Accused Texas Financier Hospitalized

Stanford's college roommate and former CFO pleaded guilty to three criminal counts.

Texas financier R. Allen Stanford, jailed on charges of bilking investors out of $7 billion, was hospitalized Thursday with an irregular heartbeat and high pulse, just hours before his ex-finance chief became the first person to plead guilty in the case.
Stanford was set to appear in a Houston federal courtroom for a hearing on whether he can get a new attorney. His current lawyer, Dick DeGuerin, has asked for permission to quit the case because he doesn't have assurances he will be paid.
In the same courtroom, Stanford's former chief financial officer, James M. Davis, pleaded guilty Thursday to three counts: conspiracy to commit mail, wire and securities fraud; mail fraud; and conspiracy to obstruct a Securities and Exchange Commission investigation.
"I did wrong. I'm sorry. I apologize. I take responsibility for my actions," Davis, 60, said as he left the federal courthouse after his hearing.
Davis' attorney David Finn said his client has been cooperating with prosecutors for the last six months and the guilty plea is part of a deal with the Justice Department in exchange for a possible reduced sentence.
Davis faces up to 30 years in prison when he is sentenced. While a sentencing date of Nov. 20 was set, Finn said he believes that will be delayed.
As part of his plea agreement, Davis was also ordered to forfeit $1 billion in proceeds he made from his illegal actions.

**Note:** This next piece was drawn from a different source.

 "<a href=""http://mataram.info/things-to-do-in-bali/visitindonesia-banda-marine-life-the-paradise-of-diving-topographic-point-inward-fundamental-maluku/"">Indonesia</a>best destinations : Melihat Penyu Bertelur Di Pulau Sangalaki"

Finn said authorities have seized all his client's assets and Davis, who had made between $5 million and $6 million in the last decade, is broke and now doing manual labor on a family farm in Michigan, making $10 an hour. Davis is originally from Mississippi.

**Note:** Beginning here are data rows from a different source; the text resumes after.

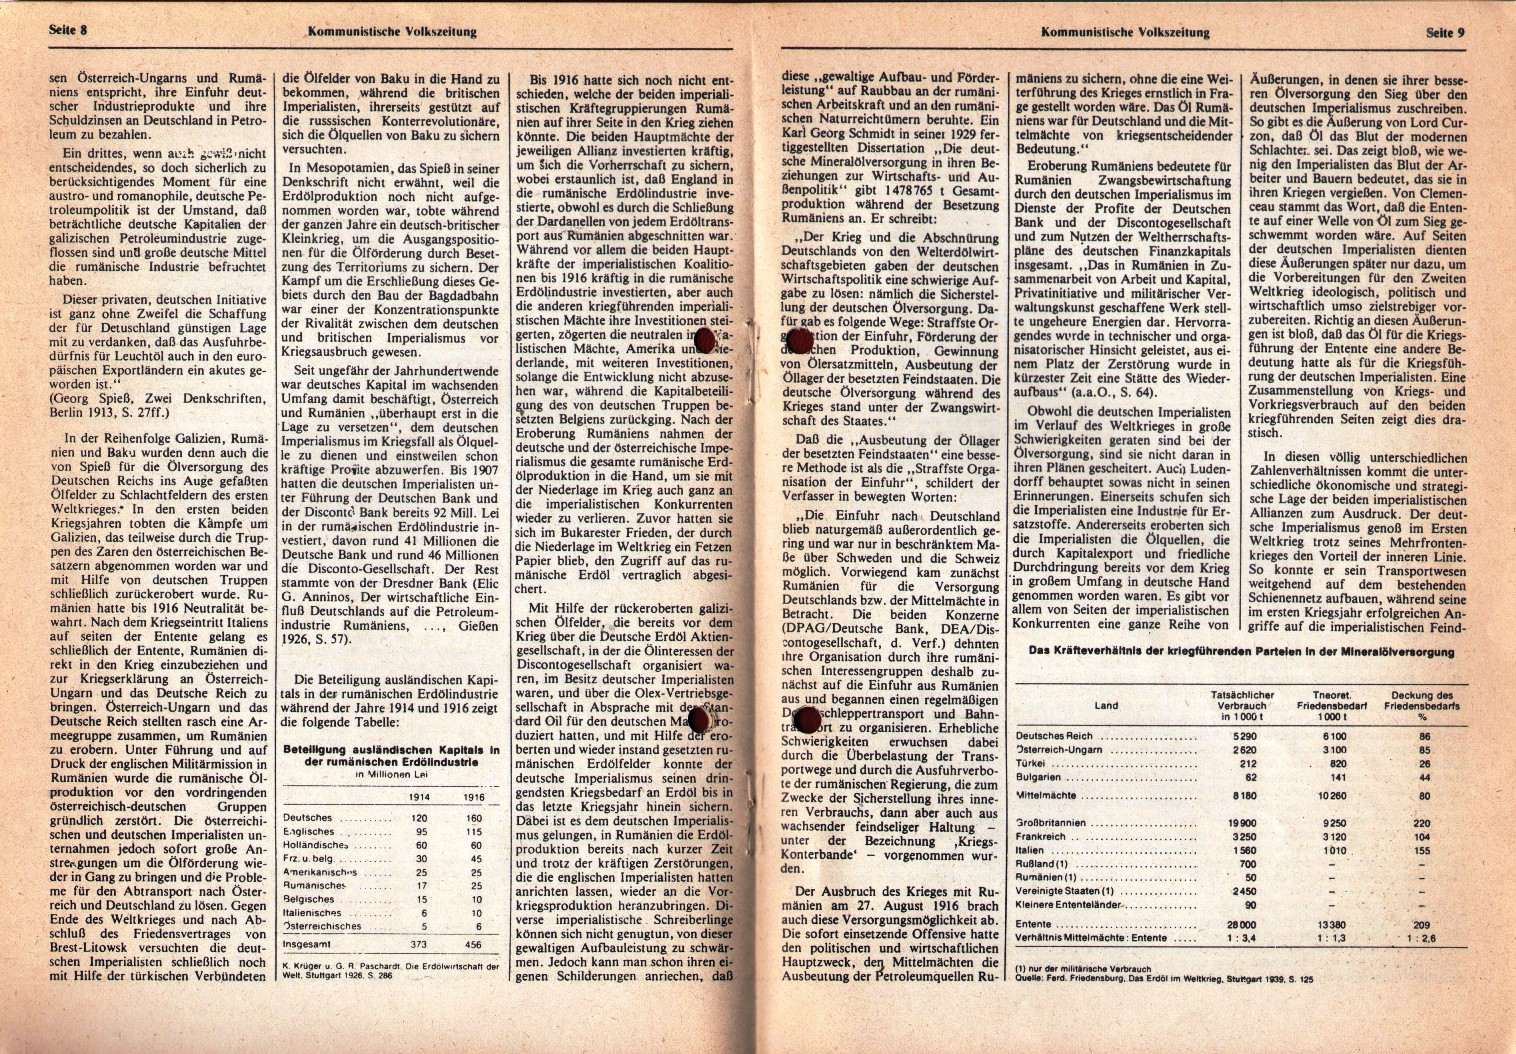 KBW_19791008_Energiepolitik005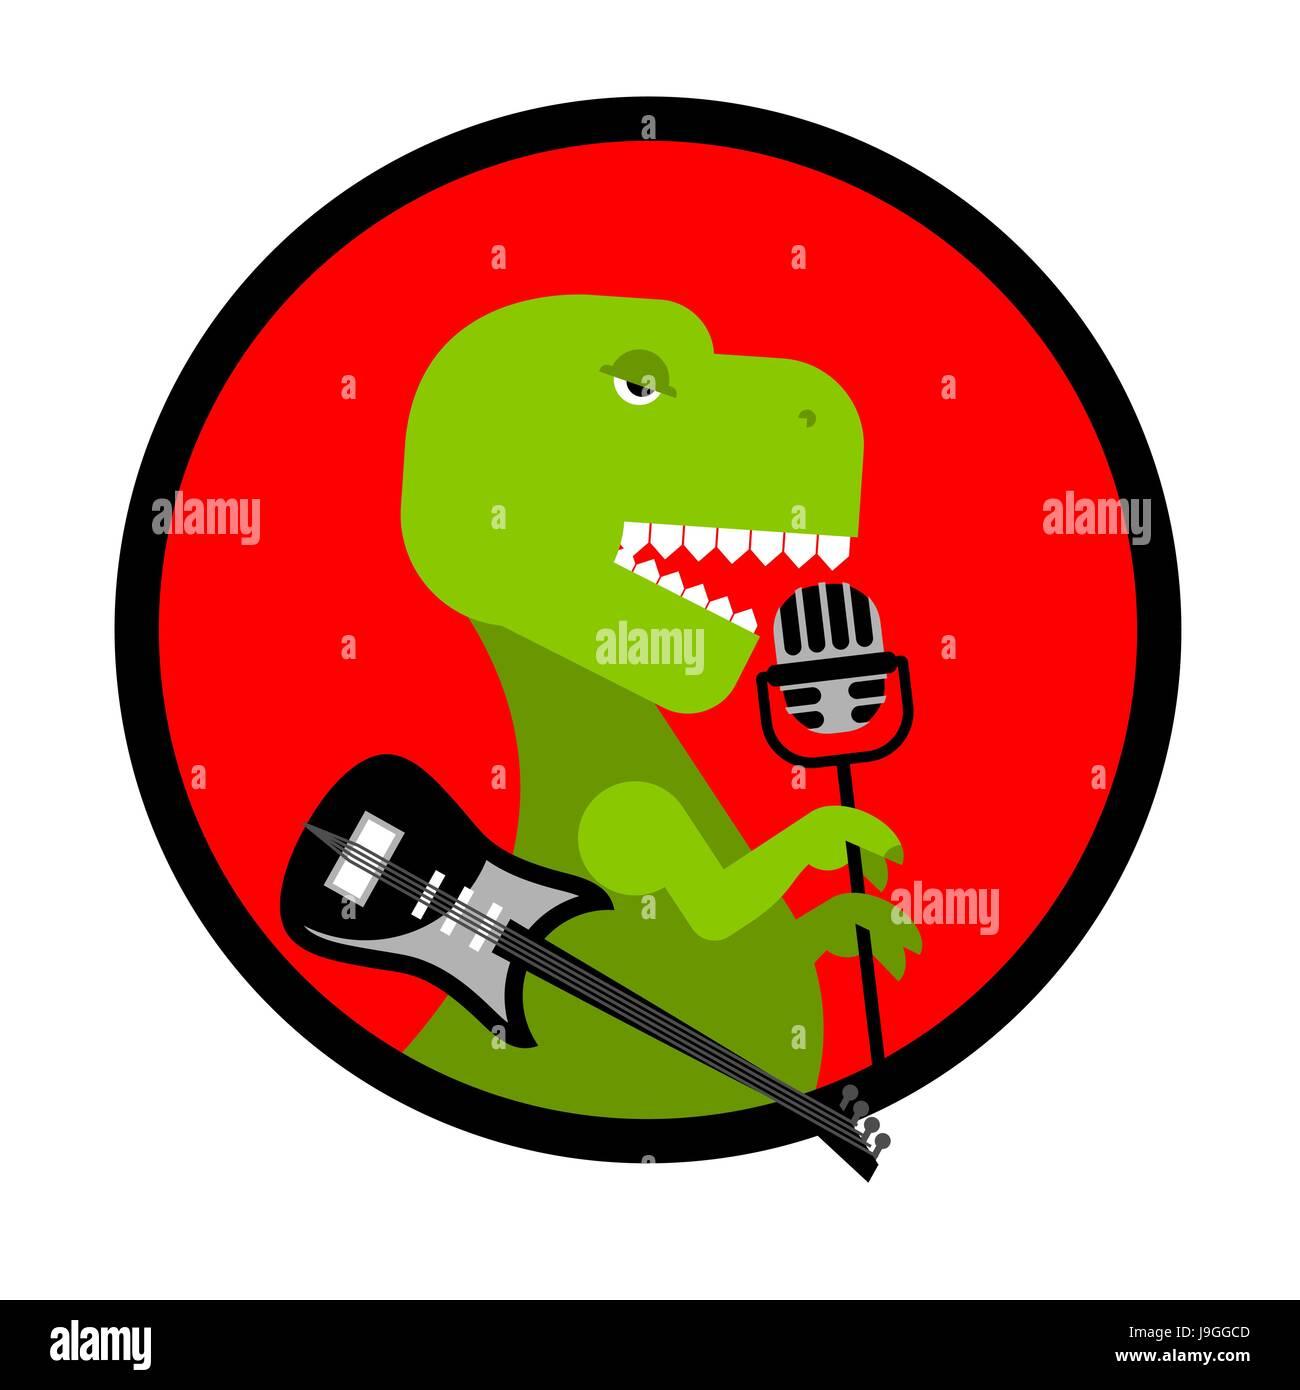 Tyrannosaurus Sings Song Dinosaur With Guitar Ancient Predator And Microphone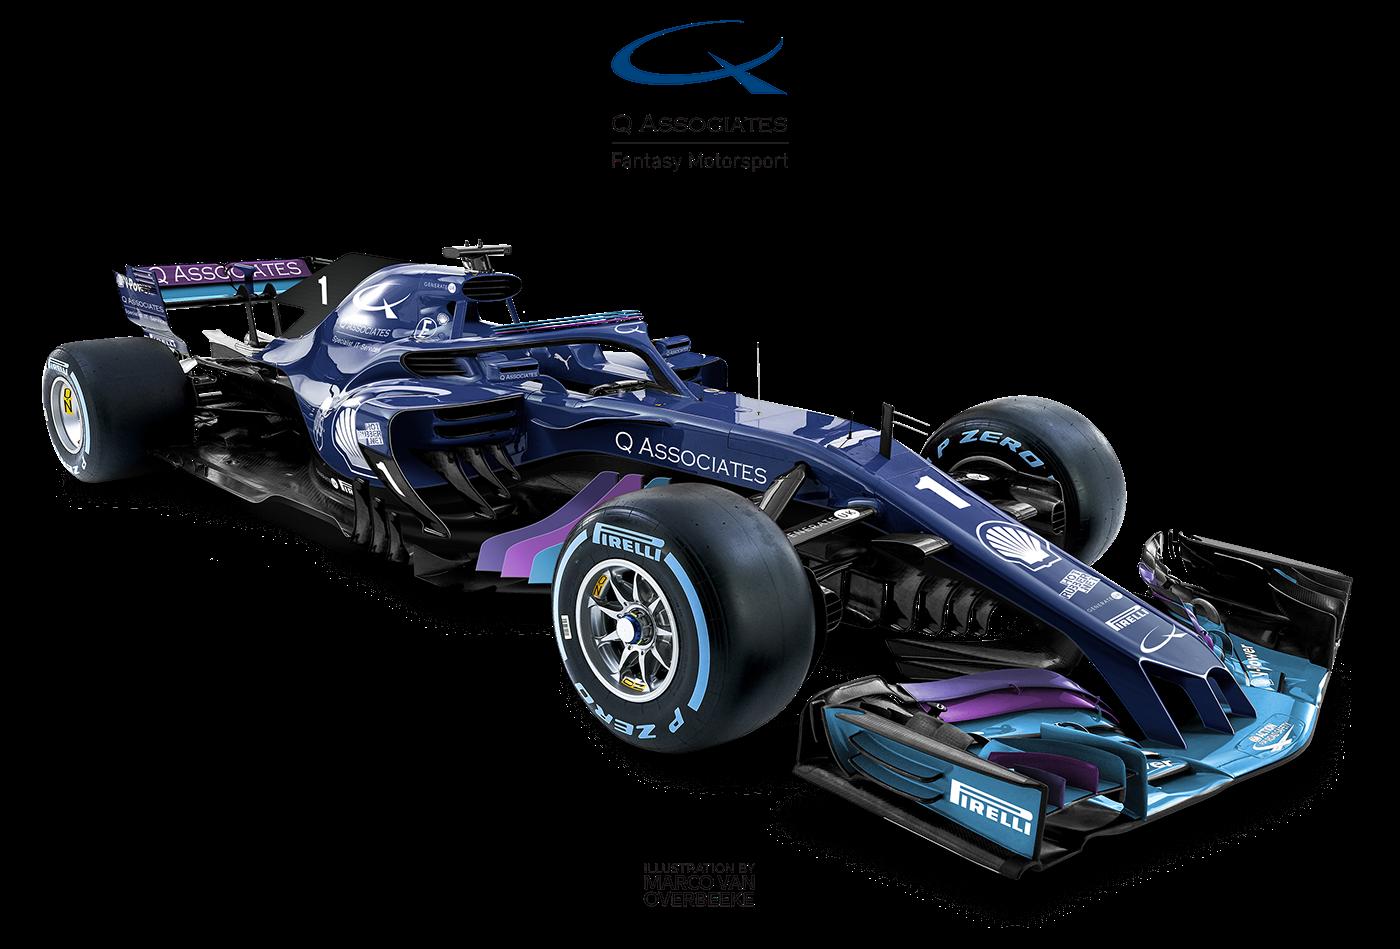 2018 Formula 1 fantasy concept   Q Associates UK on Behance

Stanford, Davis and other executives of the now defunct Houston-based Stanford Financial Group are accused of orchestrating a massive Ponzi scheme by advising clients to invest more than $7 billion in certificates of deposit from the Stanford International Bank in the Caribbean island of Antigua, creating false records to inflate the bank's assets and then misusing the money, in part to pay for Stanford's lavish lifestyle.
DeGuerin said Stanford was taken from the privately run prison where he is being held outside Houston at about 5:30 a.m. Thursday to the Conroe Regional Medical Center.

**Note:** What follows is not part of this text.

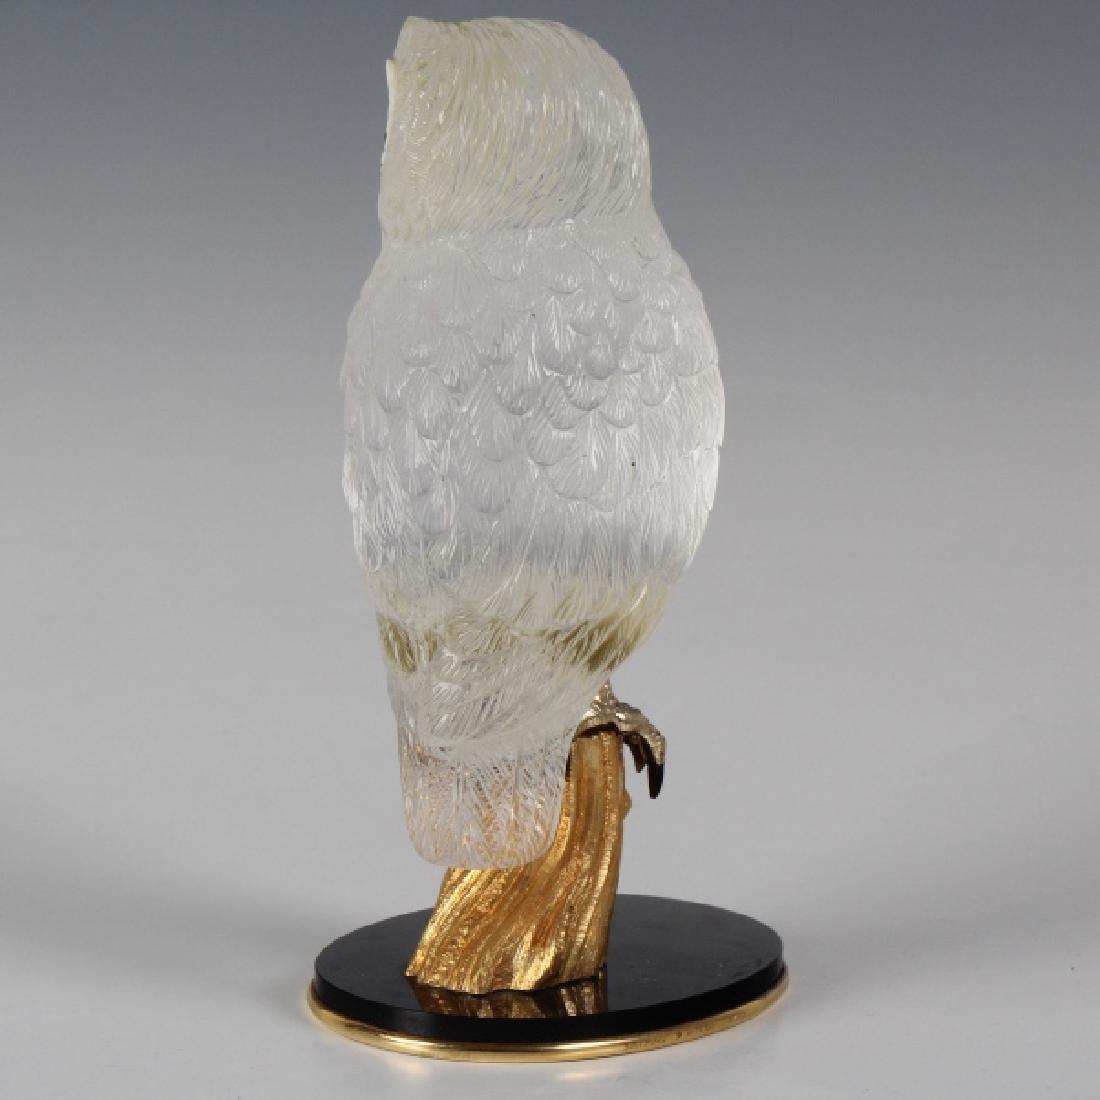 Important Boucheron Rock Crystal 18k Owl Statue - 6

U.S. District Judge David Hittner said Stanford had an irregular heartbeat and an "extremely" high pulse.
A spokeswoman for the medical center declined to release any information Thursday to The Associated Press.
DeGuerin said Stanford has high blood pressure and told reporters after the hearing he doesn't think his client has received good medical care since being jailed. DeGuerin said he didn't have a condition update on Stanford.
"I wouldn't be surprised if stress exacerbated his condition," said DeGuerin, who added he wasn't planning on visiting Stanford in the hospital.
Finn said he didn't think it was a coincidence Stanford fell ill on the day Davis pleaded guilty in the case.
"I think it had everything to do with my client and I and prosecutors gathering in the courtroom today," he said.
DeGuerin suggested the money bilked from investors went to Davis but Finn said his client was used and manipulated by Stanford.
Hittner postponed a hearing scheduled for Thursday in which he would hear arguments about Stanford's legal representation.
Stanford was considered one of the richest men in the U.S. with an estimated net worth of more than $2 billion. But he claims he is now penniless.
Last month, Stanford's spokesman said the jailed financier had hired Washington, D.C.-based attorney Robert Luskin, who also represents former White House political adviser Karl Rove. But Luskin also wants assurances he'll get paid, and Hittner won't release DeGuerin until an attorney takes the case unconditionally.
Stanford, along with three former company executives, have pleaded not guilty to various charges, including wire and mail fraud, in a 21-count indictment issued June 18. Stanford has been jailed without bond since then, considered a flight risk by Hittner.
Also indicted is Leroy King, the former chief executive officer of Antigua's Financial Services Regulatory Commission. King, accused of taking bribes from Stanford to overlook irregularities at his bank, is awaiting extradition to the United States.
Finn said Davis is helping prosecutors with their efforts to extradite King and locate missing money taken from investors.